Thus, the current through the bridge is a measure of the amount of
air flowing through the intake manifold 11, since the higher the
rate at which air streams past the resistor 150 the more the
resistor is cooled. Since the bridge current is not a linear
function of the air flow per unit time, the voltage drop across the
resistor 151 is not proportional to this air flow. The non-linear
amplifier 190 serves to make linear the voltage drop across
resistor 151. This amplifier can comprise, for example, a
resistor-diode network, such as is shown in FIG. 4a(components 252
to 259).
These signal voltages --proportional to the air flow per unit time,
to the position of the accelerator 13, and to the engine rpm-- are
conducted by the adding resistors 191, 241, and 182 to the input of
the differential amplifier 20. Accordingly, the dosing valve 22 is
opened wider the greater the air flow, the higher the engine rpm,
and the more the accelerator is depressed.
The second resistor positioned in the intake manifold, the resistor
152, is part of the high ohmage branch and therefore does not heat
up as a consequence of the current. The value of its resistance
does, however, depend on the temperature of the streaming air. The
resistor 152 thus compensates for the ambient temperature. With the
aid of the operational amplifier 198 and transistors 194 and 195,
the difference in temperature between the resistors 150 and 152 is
therefore held constant.
FIG. 3b shows a second, simplified, embodiment of the function
generator 19. In this embodiment, the amount of air per unit time
is measured by means of a static plate 15a, which is mechanically
connected to the wiper 165 of a potentiometer 160. A spring 166
holds the wiper in its position of rest. The potentiometer 160 has
a series of fixed taps, respective resistors 161,162,163, and 164
being connected between neighboring taps. The potentiometer 160 is
connected between the positive rail 40 and ground. A resistor 167
connects the wiper 165 to the input of the differential amplifier
20. In other respects, this embodiment is the same as the
embodiment shown in FIG. 3a.
The purpose of the resistors 160 to 164 is to provide on the wiper
165 a voltage that is linearly related to the air flow per unit
time. In this embodiment, it is not necessary to compensate for the
ambient temperature, since the movement of the static plate 15a
depends on the air density and therefore on the temperature.

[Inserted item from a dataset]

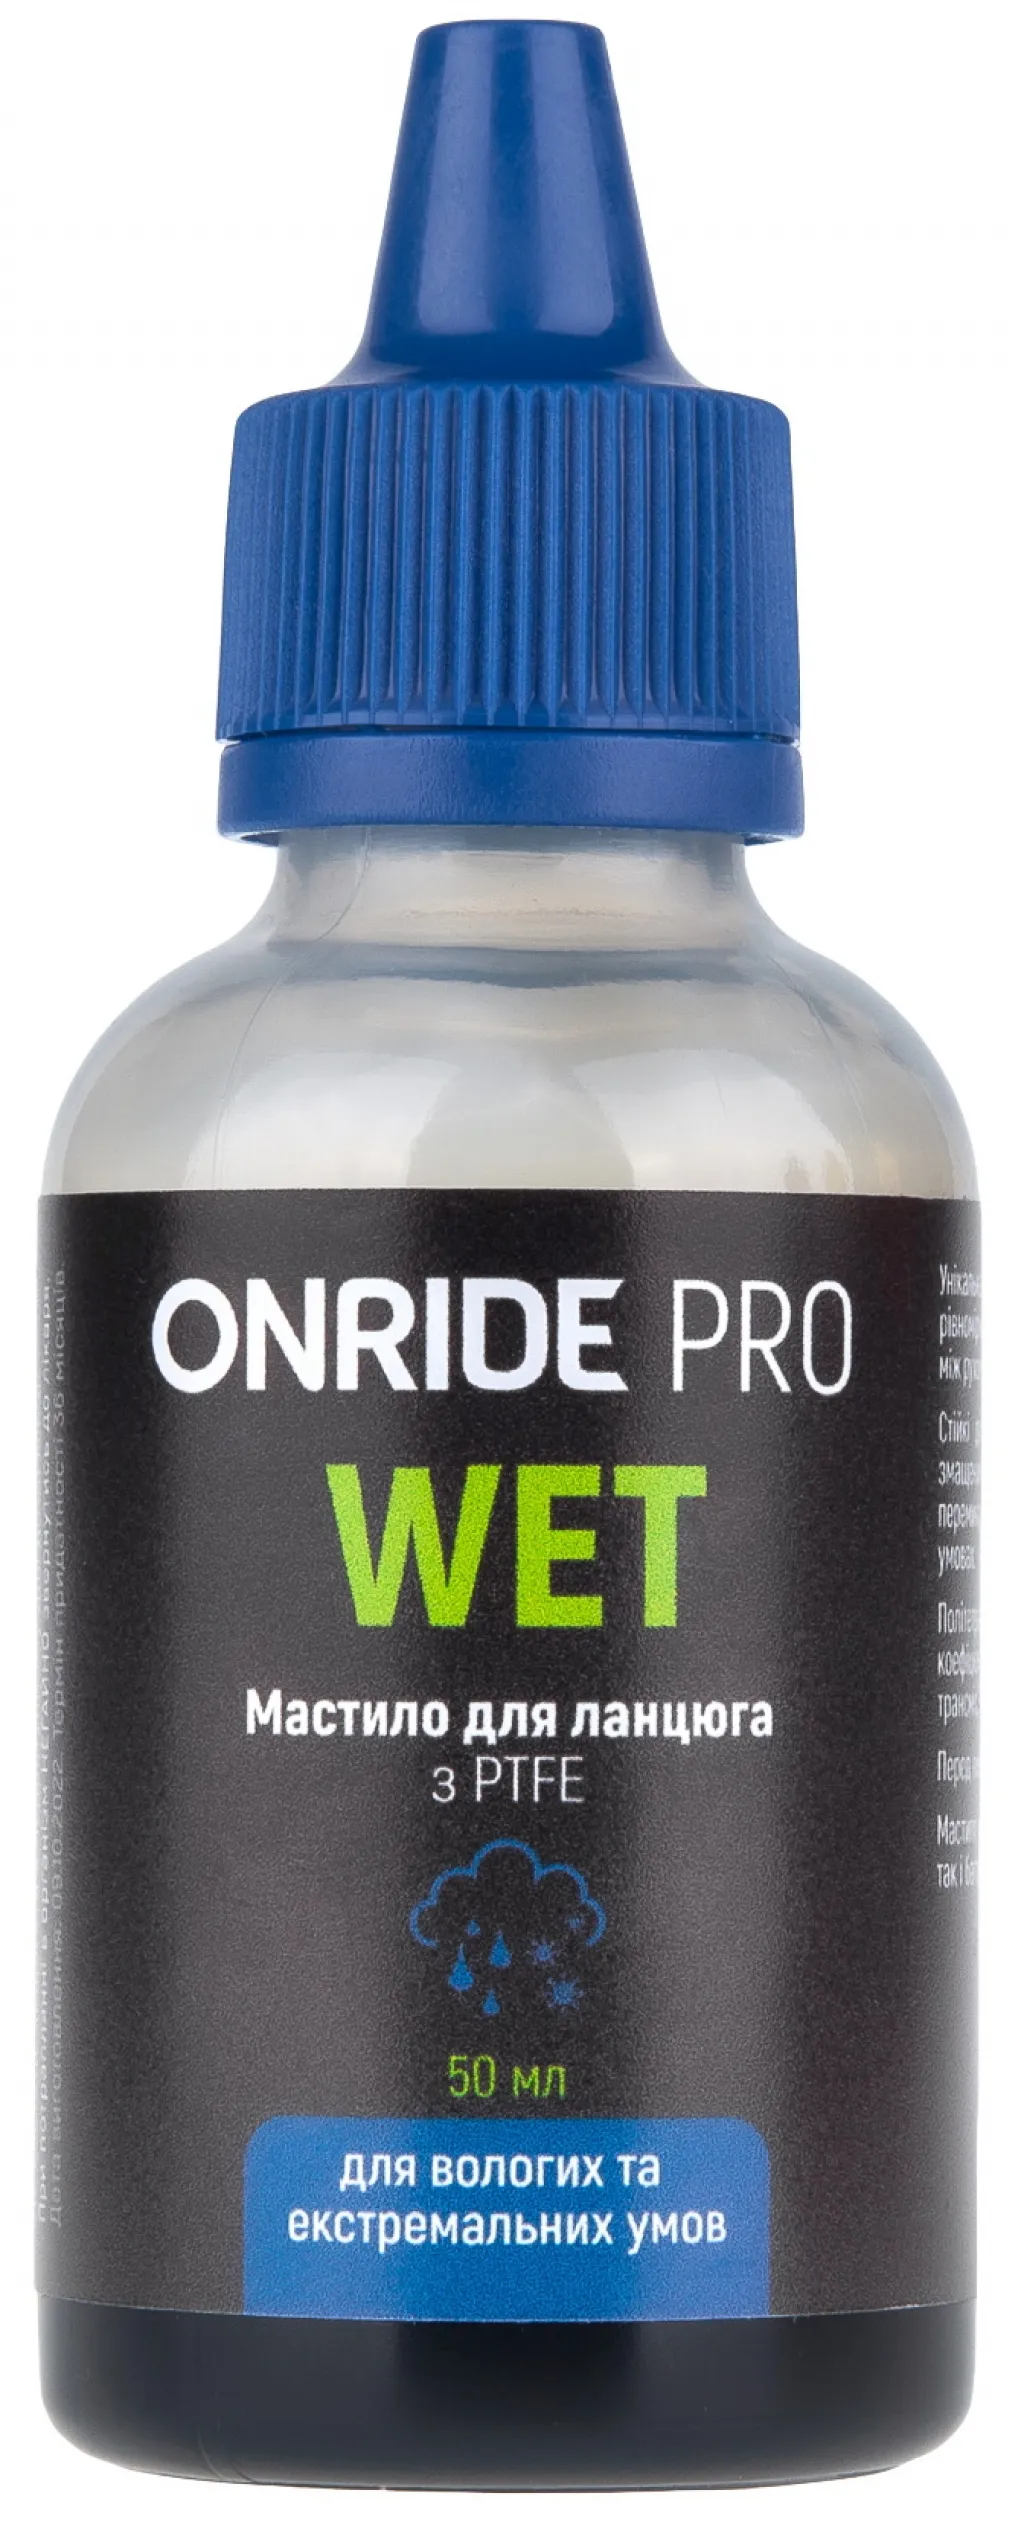 Смазка для цепи ONRIDE PRO Wet з PTFE для влажных условий 50мл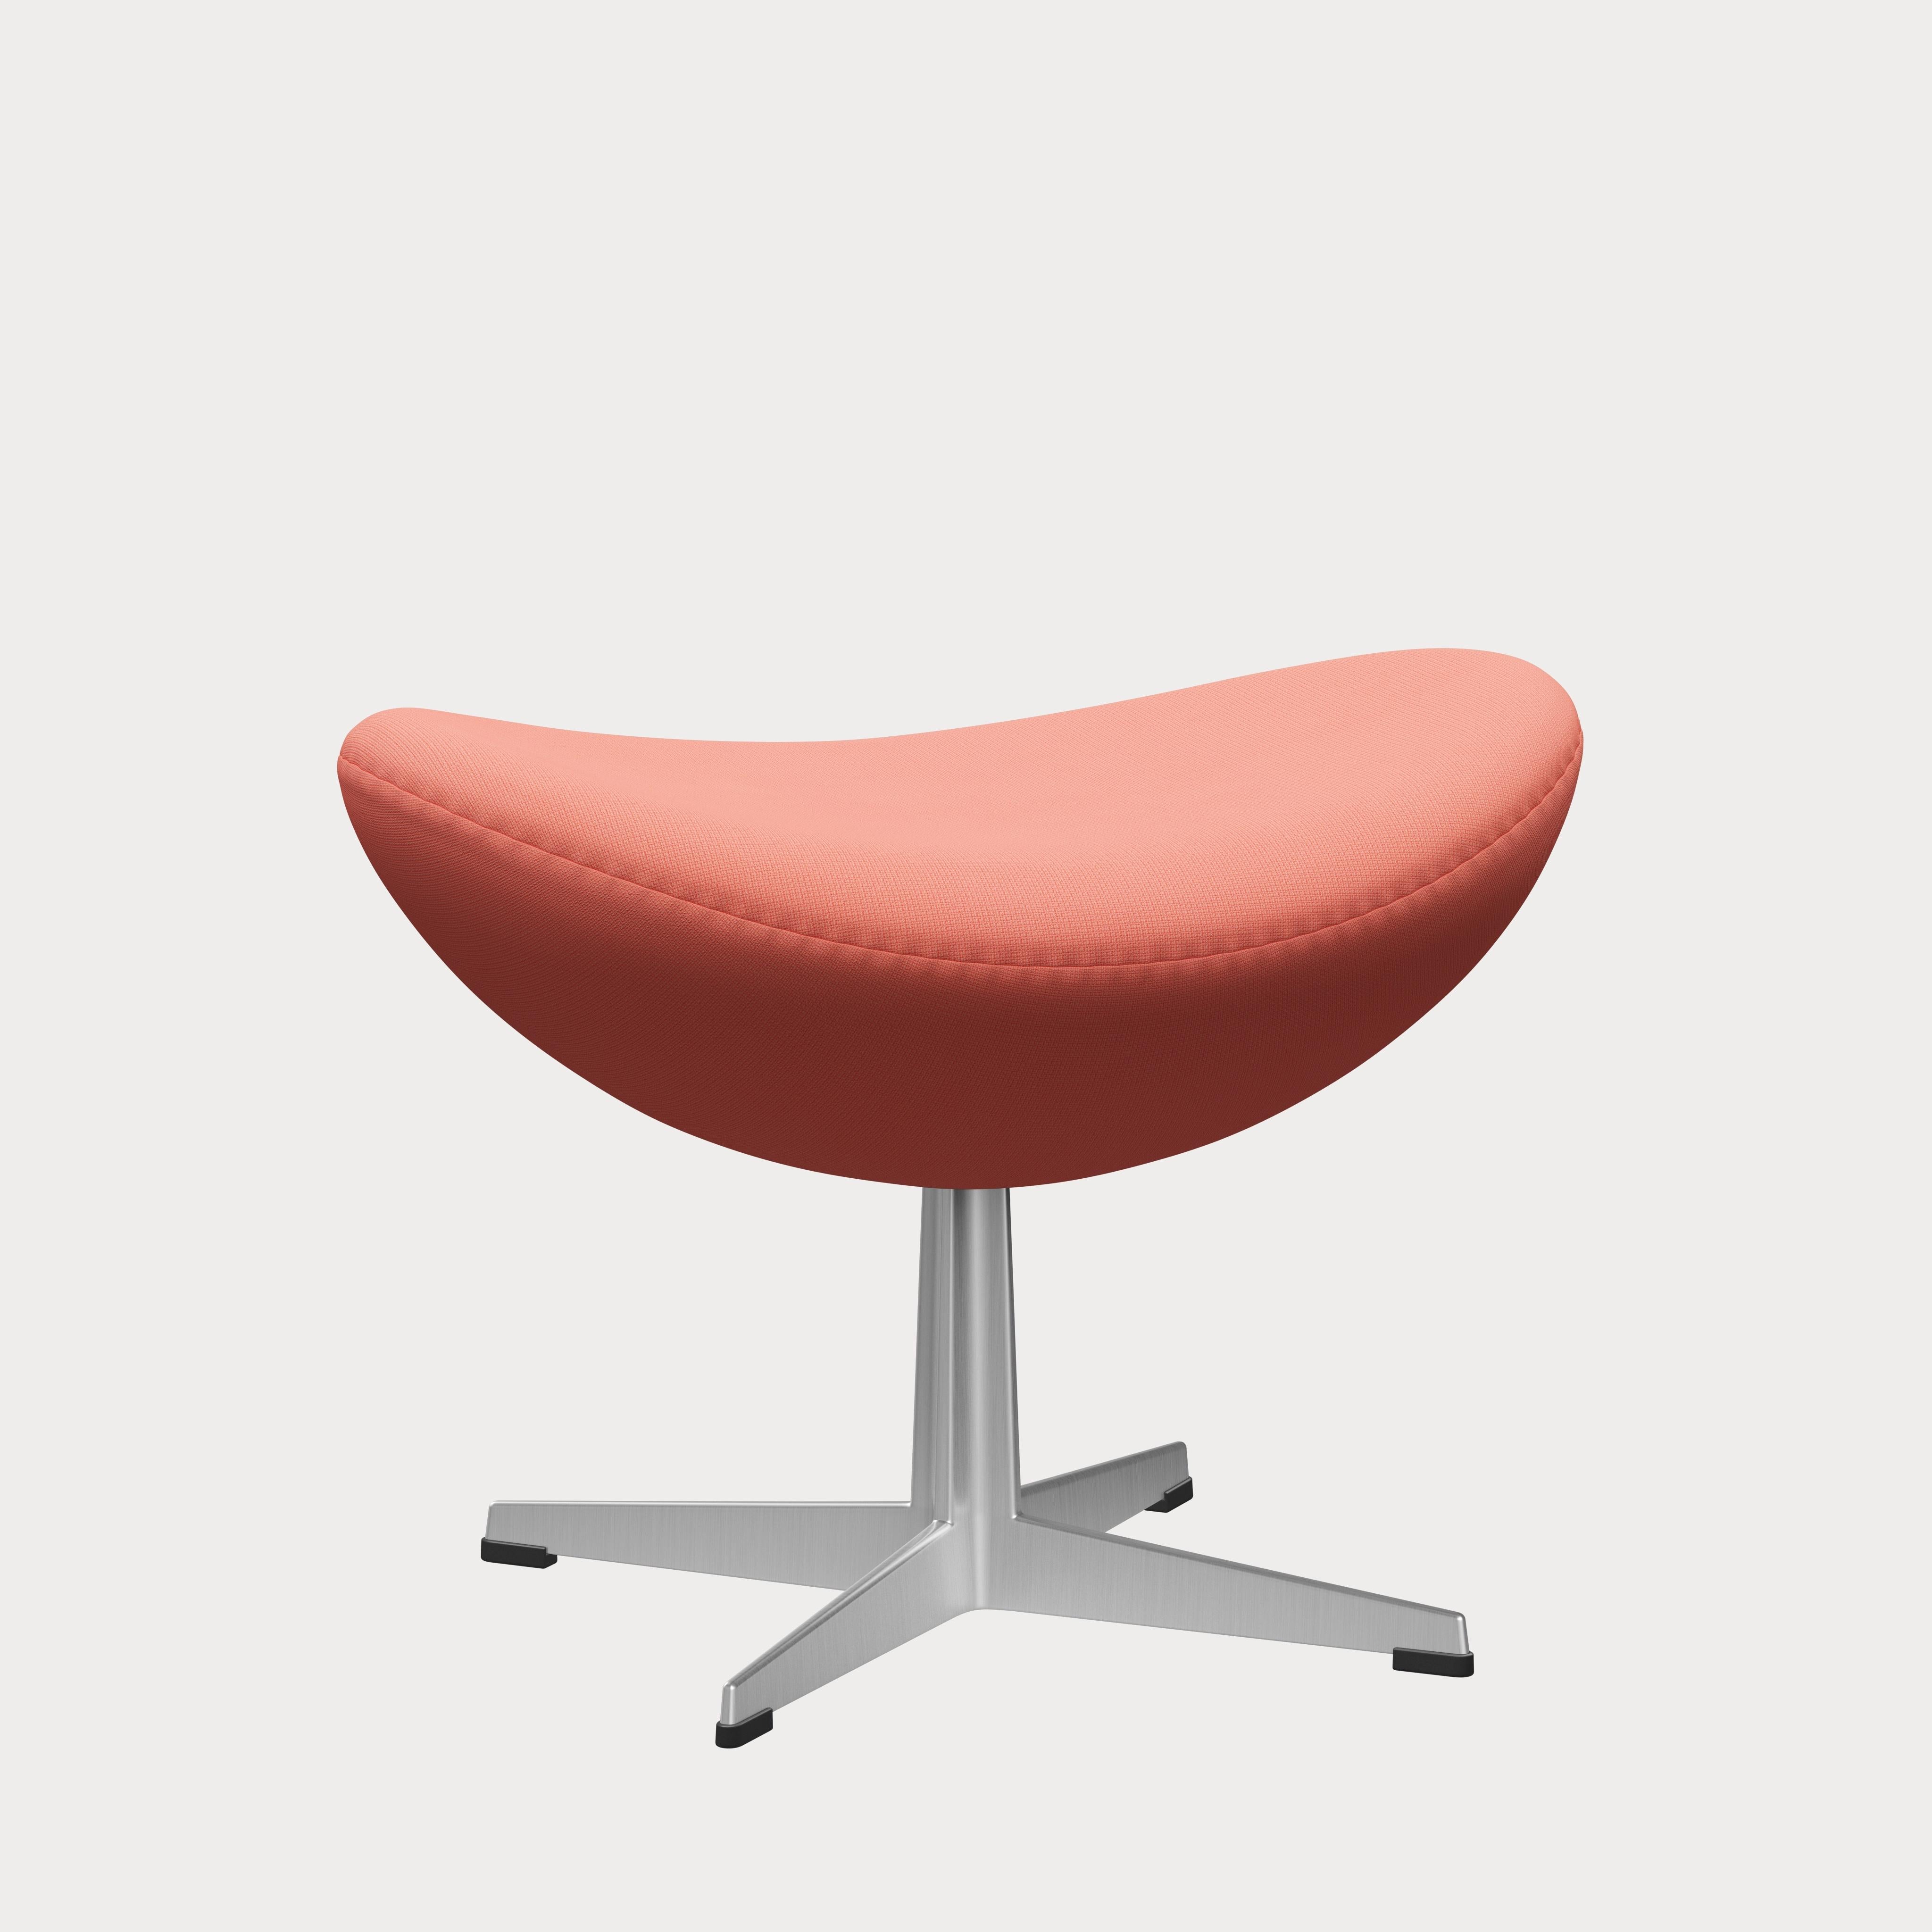 Arne Jacobsen 'Egg' Footstool for Fritz Hansen in Fabric Upholstery (Cat. 1) For Sale 5

Otherwise, the operation of this embodiment is the same as that of
the first embodiment shown in FIG. 3a.
In the second embodiment of the invention, shown in FIG. 4, the
function generator controls both the amount of fuel and the amount
of combustion air.
The electronic function generator 25 has two outputs. The first
output is connected to the input of the differential amplifier 20,
which, as in the embodiment shown in FIG. 3, controls the dosing
valve 22. The second output of the function generator is connected
to the input of a second differential amplifier 26, which by means
of a second electromagnetic control 27 controls the throttle valve
12. The three inputs of the function generator 25 are respectively
connected to the transducer 13, the transducer 24, and to the
multivibrator 18. The functions of these three components have
already been described.
The function generator 25 can have one or two other inputs to
which, if required, transducers 28 and 29 for respectively
refurnishing signals corresponding to air temperature and/or the
air pressure can be connected.
In this embodiment, the function generator 25 controls both the
dosing valve 22 and the throttle valve 12, the latter being
controlled by means of a servo loop.
The signal inputs to the function generator 25 are obtained from
the transducers 24,18, and 14. In a refinement of this embodiment,
additional inputs of the function generator 25 can be connected to
the aforesaid transducers 28 and 29, which furnish corrections
signals in dependence on the air temperature and the air
pressure.
FIG. 4a is a wiring diagram of one form of the function generator
25. The heart of the generator is an electronic multiplier 48
having two multiplying inputs 481 and 482 and two correction inputs
483 and 484. The output of the multiplier is connected to the input
of the differential amplifier 20. The first multiplying input is
connected to a diode-resistor network (components 252 to 259) and
is connected by a resistor 251 to the output of the transducer 24.
The diode-resistor network contains two voltage dividers 252,254
and 253,255, which are connected between the positive line 40 and
ground. The tap of each of these voltage dividers is connected by a
diode and a resistor connected in series (256 and 257, or 258 and
259) to the first multiplying input 481.
A resistor 43 connects the output of the transducer 24 to the input
of the differential amplifier 26. A Zener diode 45 is connected
between this input and ground. The rectification stage 181 is
connected between the second multiplying input 482 of the
multiplier 48 and the multivibrator 18.
The first correction input 483 is connected by a resistor 282 to
the tap of the voltage divider consisting of a resistor 281 and of
a negative temperature coefficient resistor 280. The NTC resistor
280 measures the ambient temperature. A resistor 291 connects the
second correction input 484 to the wiper of a potentiometer 290.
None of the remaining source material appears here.